The Continuum

The Cultural Proficiency Continuum provides language to describe unhealthy and healthy values and behaviors of persons and policies and practices of organizations.Ā  Additionally, the continuum can help you assess your current state and project your desired state. Movement along the Continuum represents a paradigmatic shift in thinking from holding the view of tolerating diversity to transformative action for equity.

Image

The 6 points of the Continuum are:

  • Cultural Destructiveness – seeking to eliminate vestiges others’ cultures.
  • Cultural Incapacity – seeking to make the culture of others appear to be wrong.
  • Cultural Blindness – unable or refusing to acknowledge the culture of others.
  • Cultural Precompetence – being aware of what one doesn’t know about working in diverse settings. Initial levels of awareness after which a person/organization can move in positive, constructive direction or they can falter, stop and possibly regress.
  • Cultural Competence – viewing one’s personal and organizational work as an interactive arrangement in which the educator enters into diverse settings in a manner that is additive to cultures that are different from the educator.
  • Cultural Proficiency – making the commitment to life-long learning for the purpose of being increasingly effective in serving the educational needs of cultural groups. Holding the vision of what can be and committing to assessments that serve as benchmarks on the road to student success.

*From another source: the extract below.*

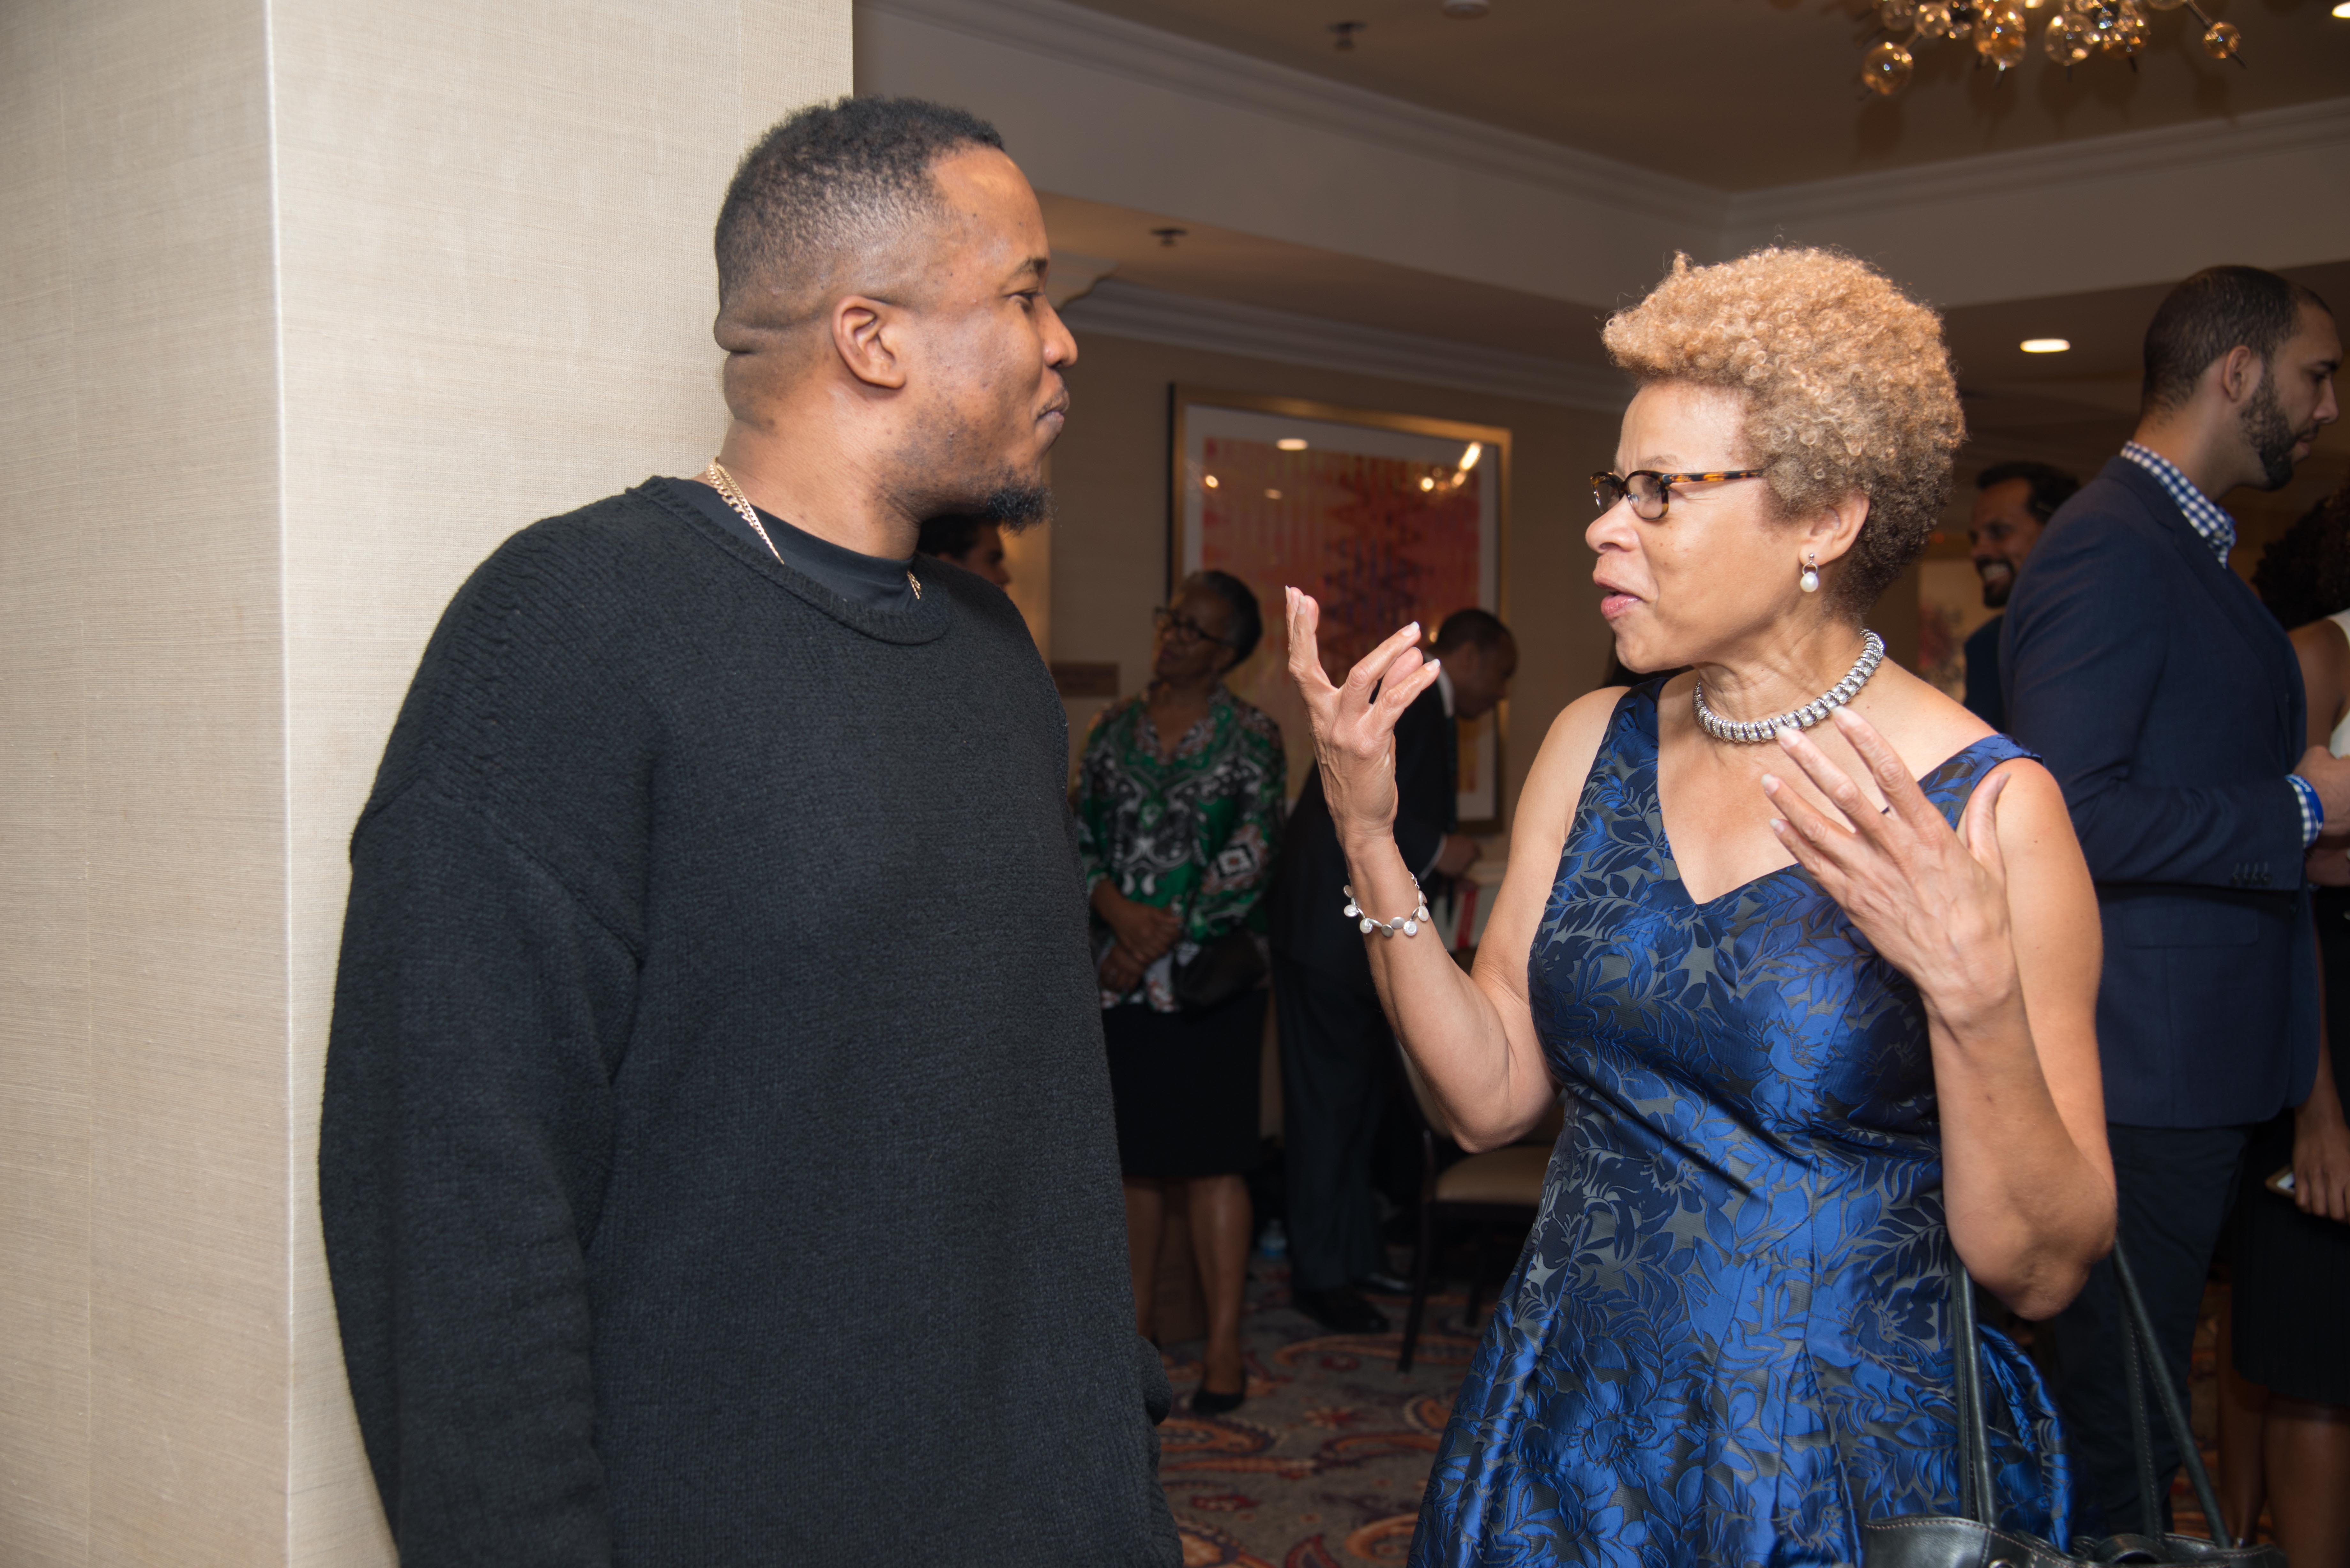 D. Watkins and Deborah Heard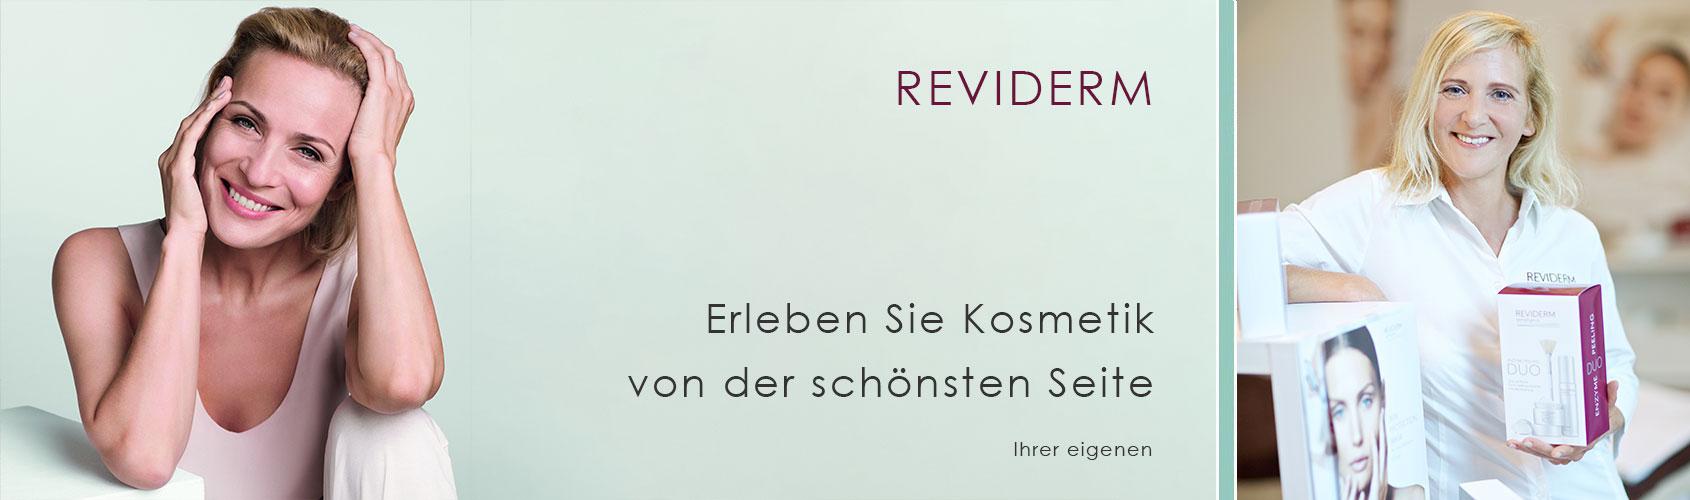 Reviderm Kosmetik Enzesfeld-Lindabrunn

The first three points on the left side of the Continuum focus on them as being problematic (i.e., Cultural Destructiveness, Cultural Incapacity, Cultural Blindness). The three points on the right side of the Continuum focus on our practice (i.e., Cultural Precompetence, Cultural Competence, Cultural Proficiency). The left side on the continuum may find us referring to our students as under performing, while the right side would find us referring to the ways in which we are under-serving our students and their communities (the inside-out approach).

Culturally Proficient practice helps shift conversations from the left side to the right side, not by indicting or blaming others, rather by acknowledging comments and help “breakthrough” the negative thinking in using the five Essential Elements as the foundation for reflection and dialogue.